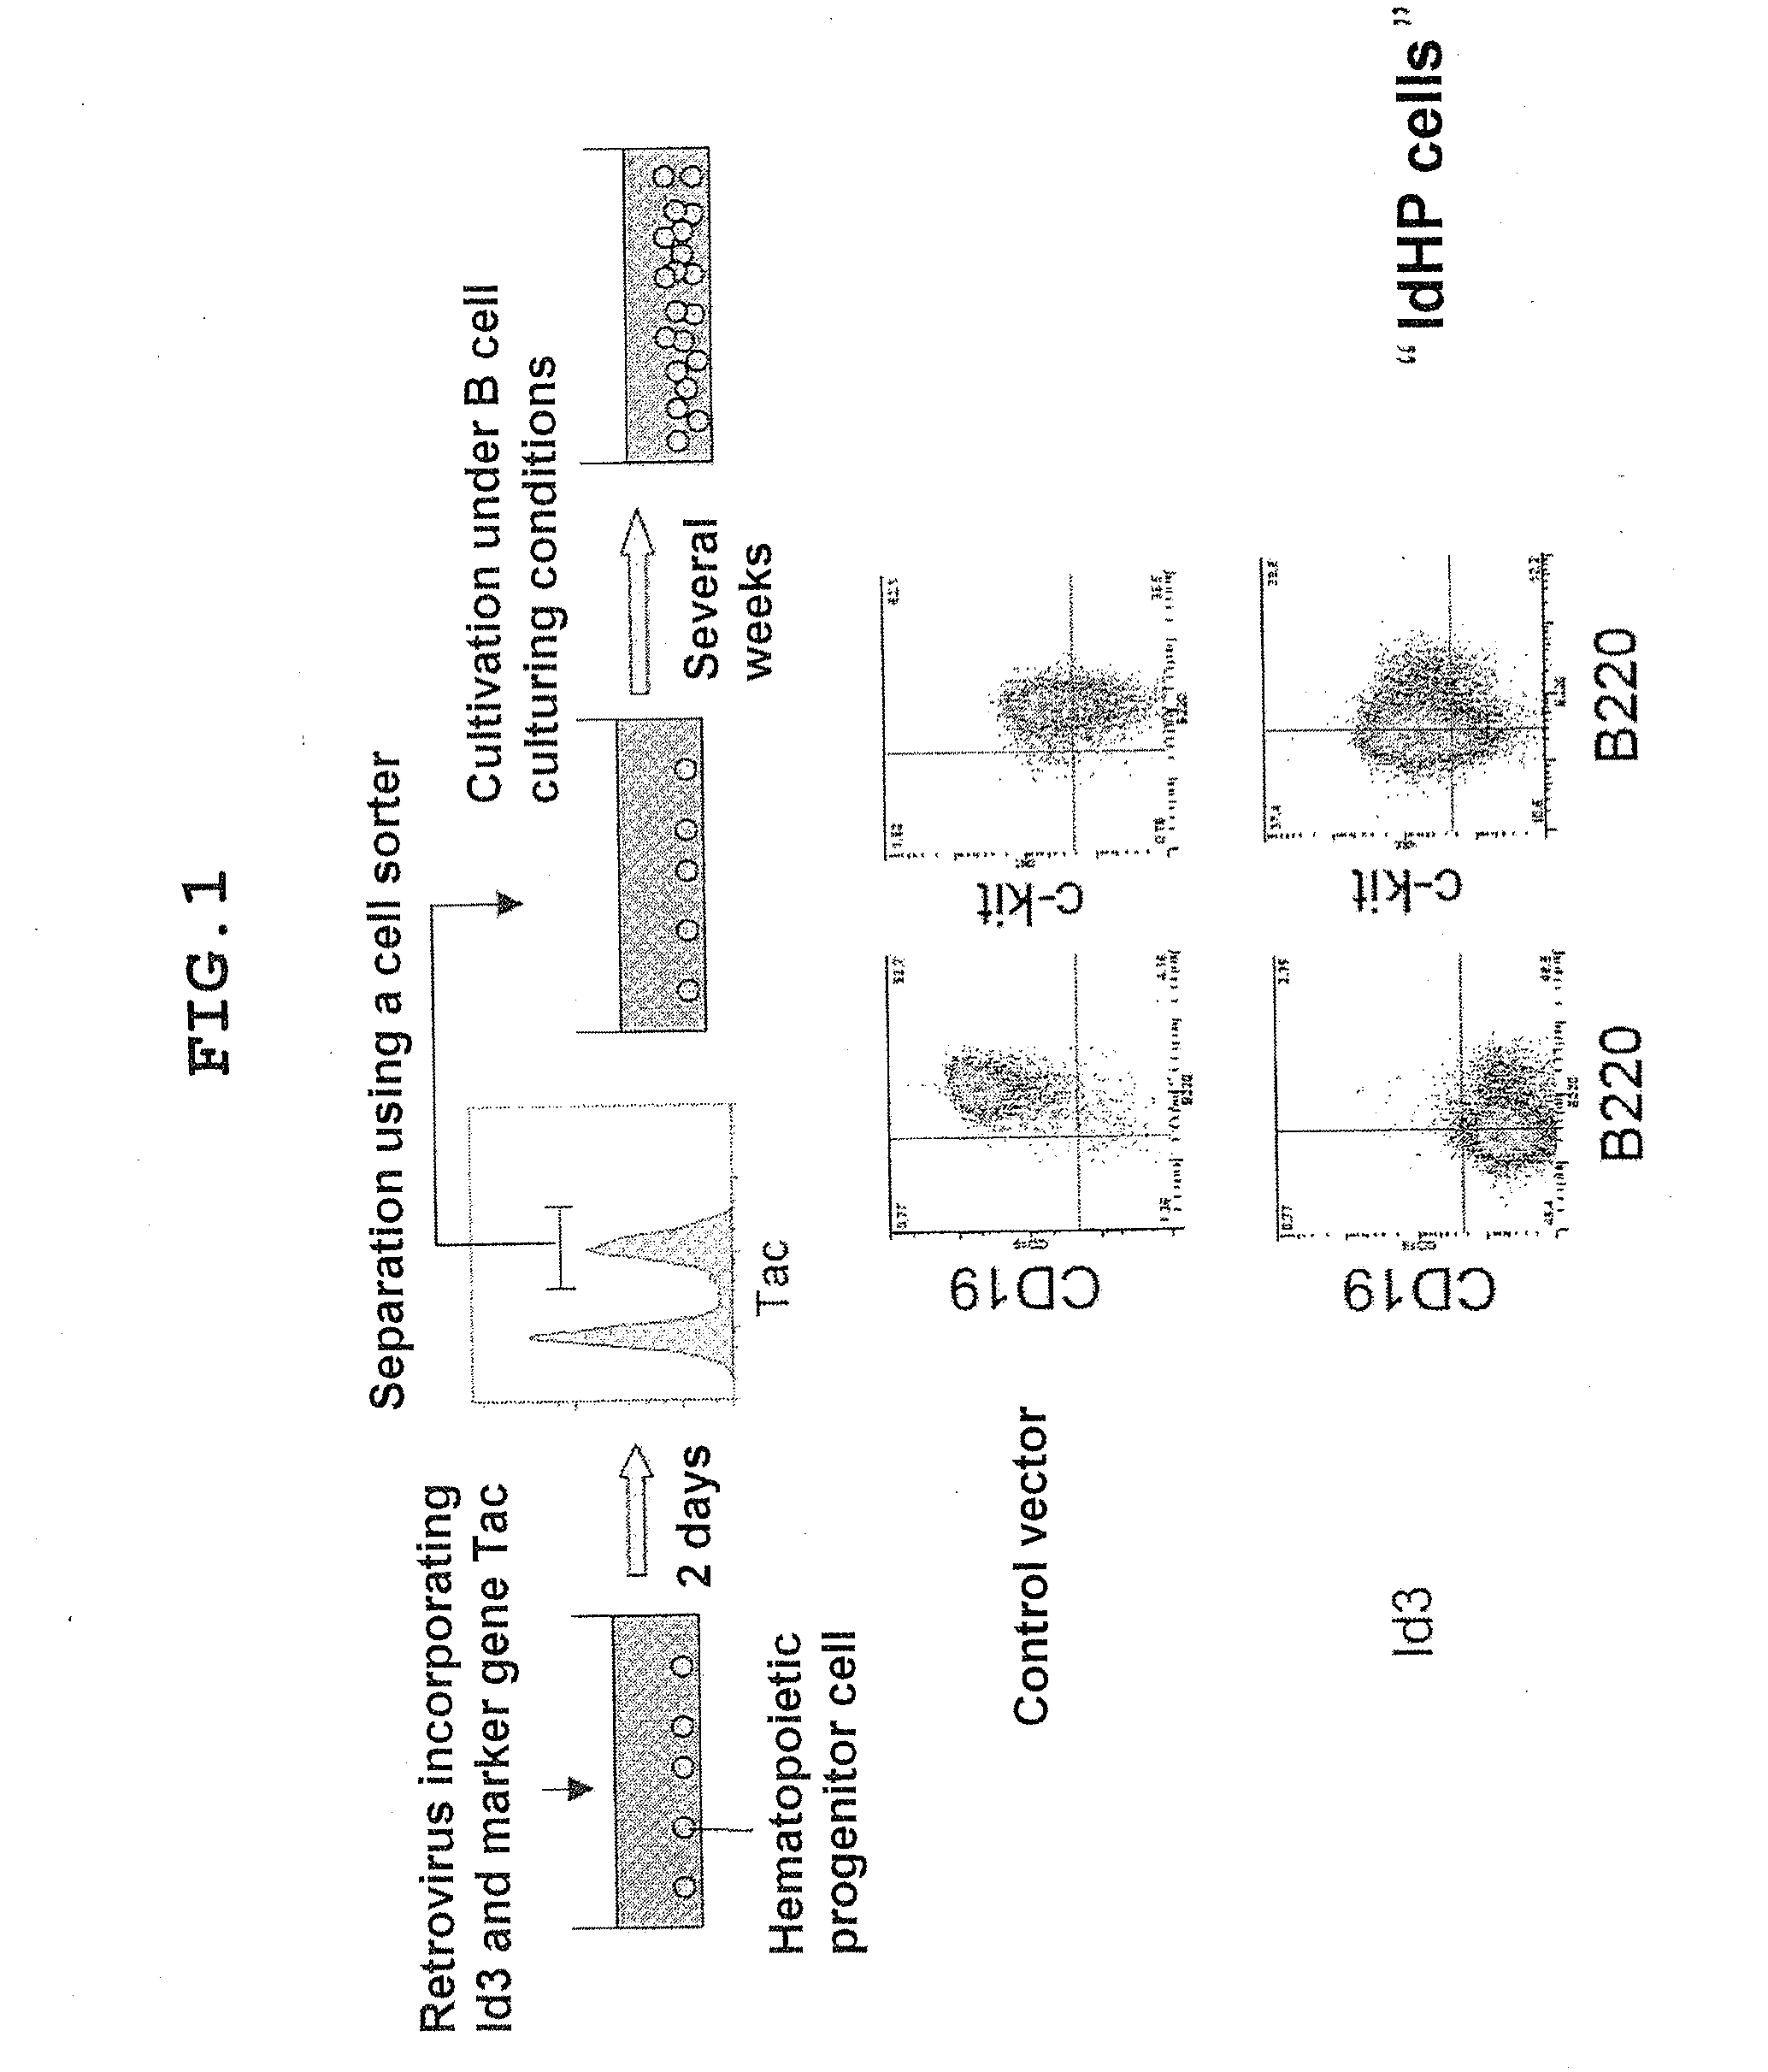 Method for producing cells having characteristic of hematopoietic stem cells/progenitor cells
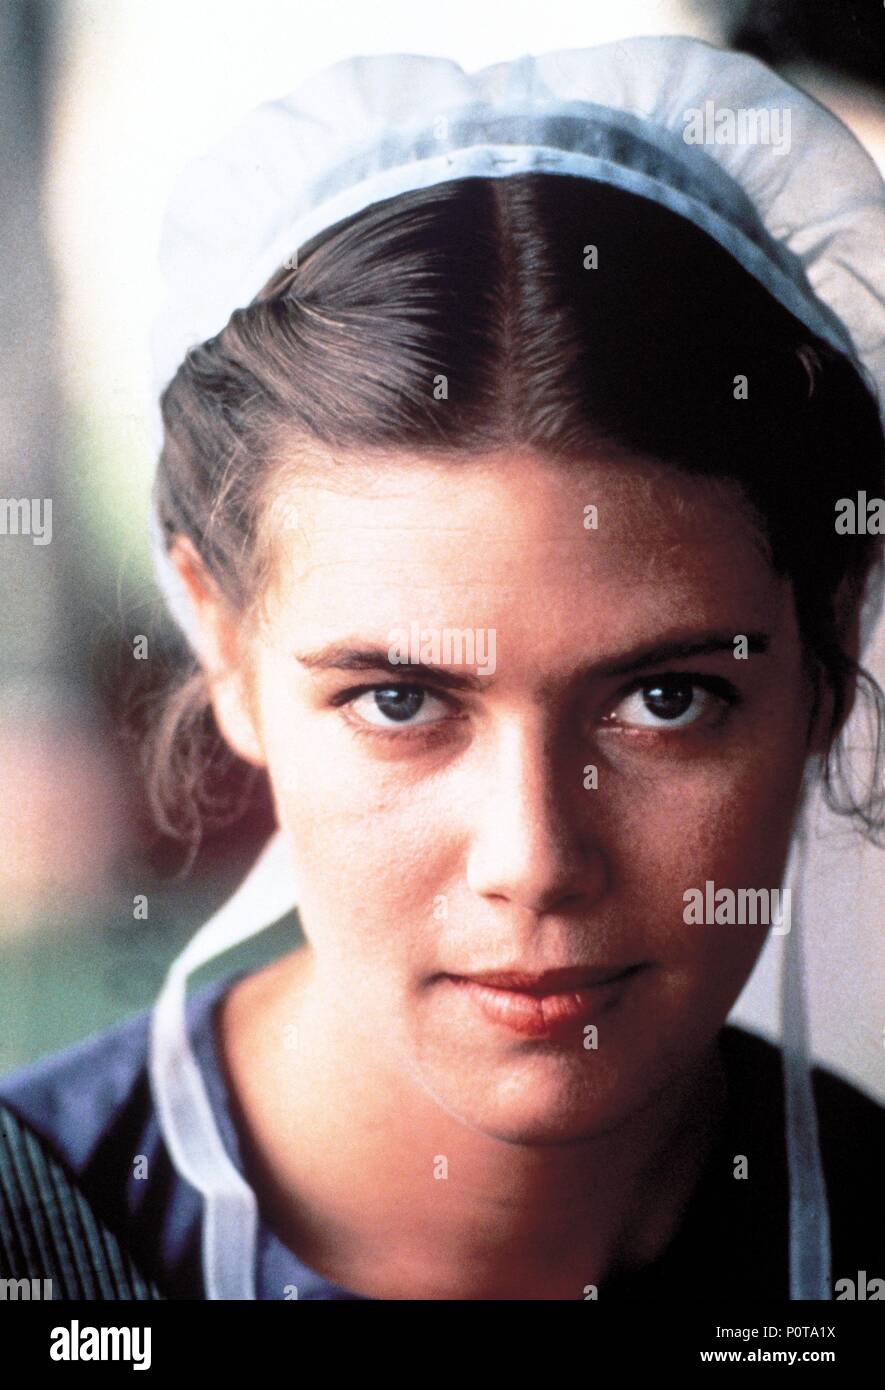 Original Film Title: WITNESS.  English Title: WITNESS.  Film Director: PETER WEIR.  Year: 1985.  Stars: KELLY MCGILLIS. Credit: PARAMOUNT PICTURES / Album Stock Photo
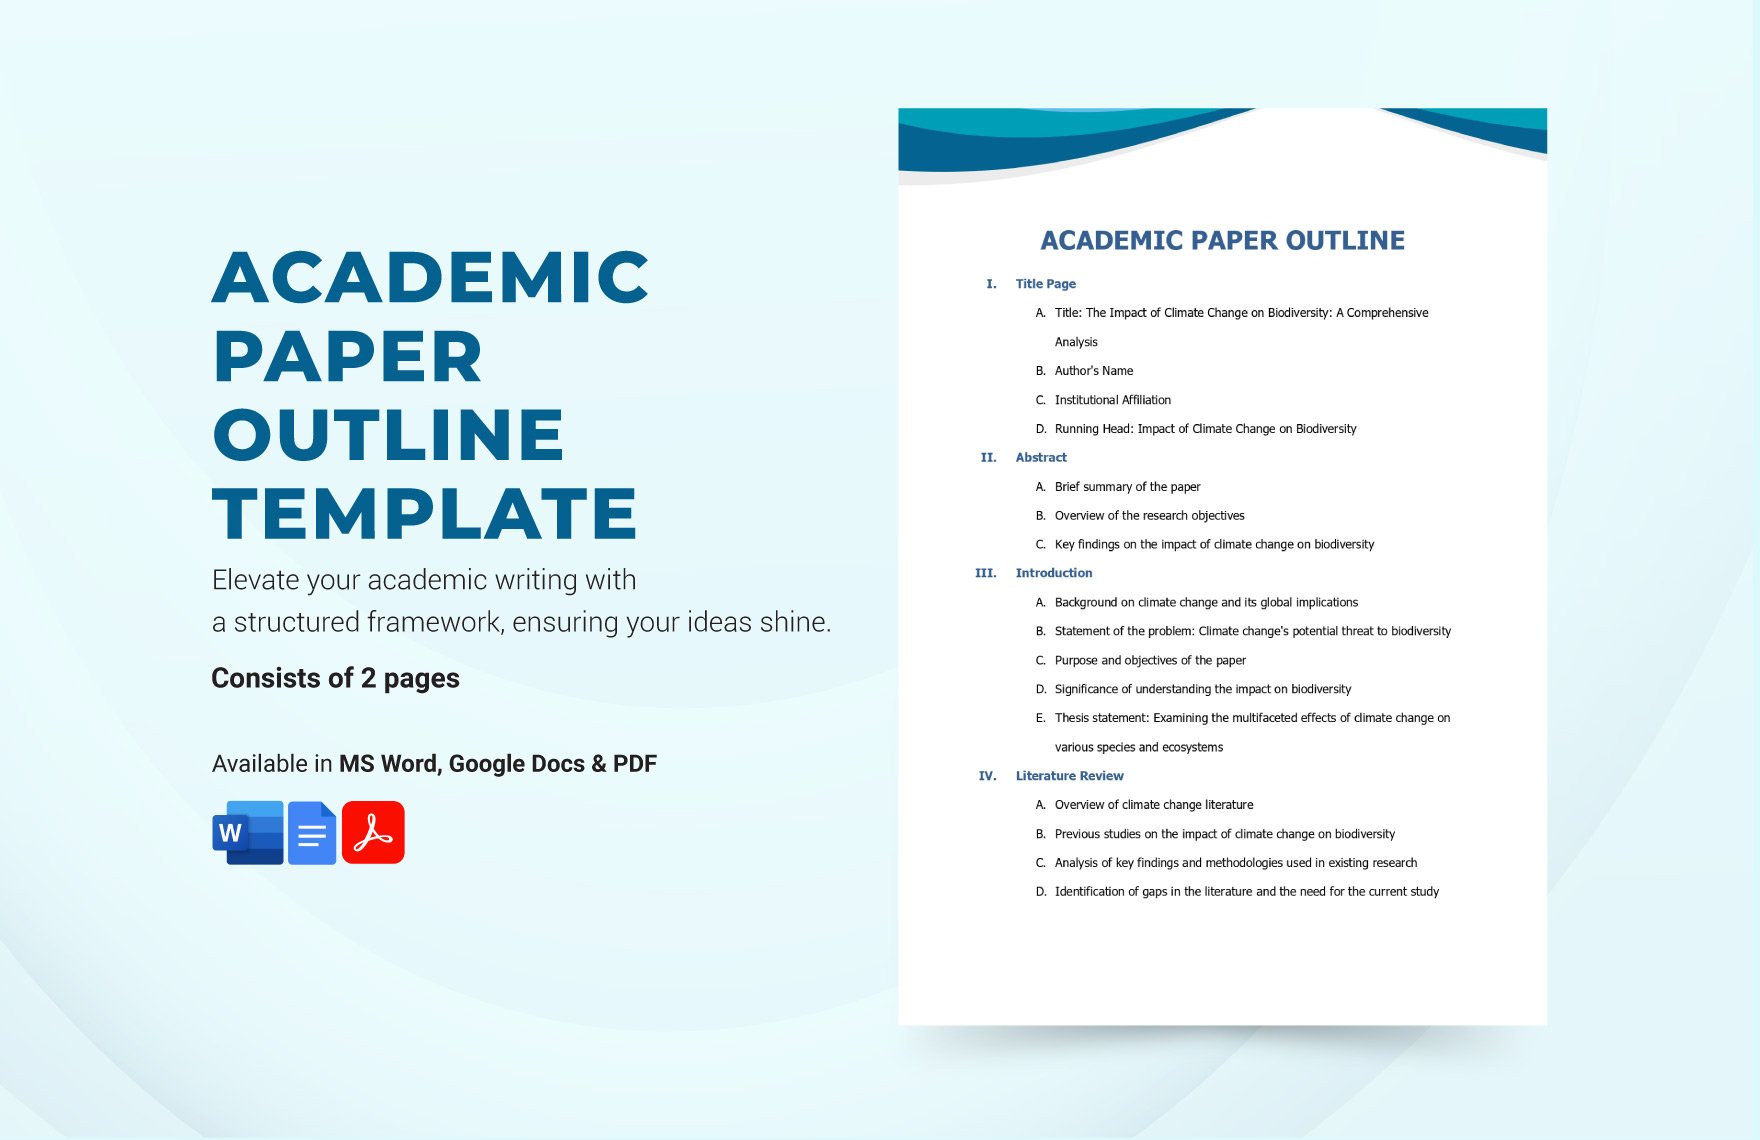 Academic Paper Outline Template

**What needs to be done**
Everything in the listing should be repeated exactly except the pictures.

**Expected answer**
 Method for producing cells having characteristic of hematopoietic stem cells/progenitor cells
 Original Film Title: WITNESS.  English Title: WITNESS.  Film Director: PETER WEIR.  Year: 1985.  Stars: KELLY MCGILLIS. Credit: PARAMOUNT PICTURES / Album Stock Photo
 Academic Paper Outline Template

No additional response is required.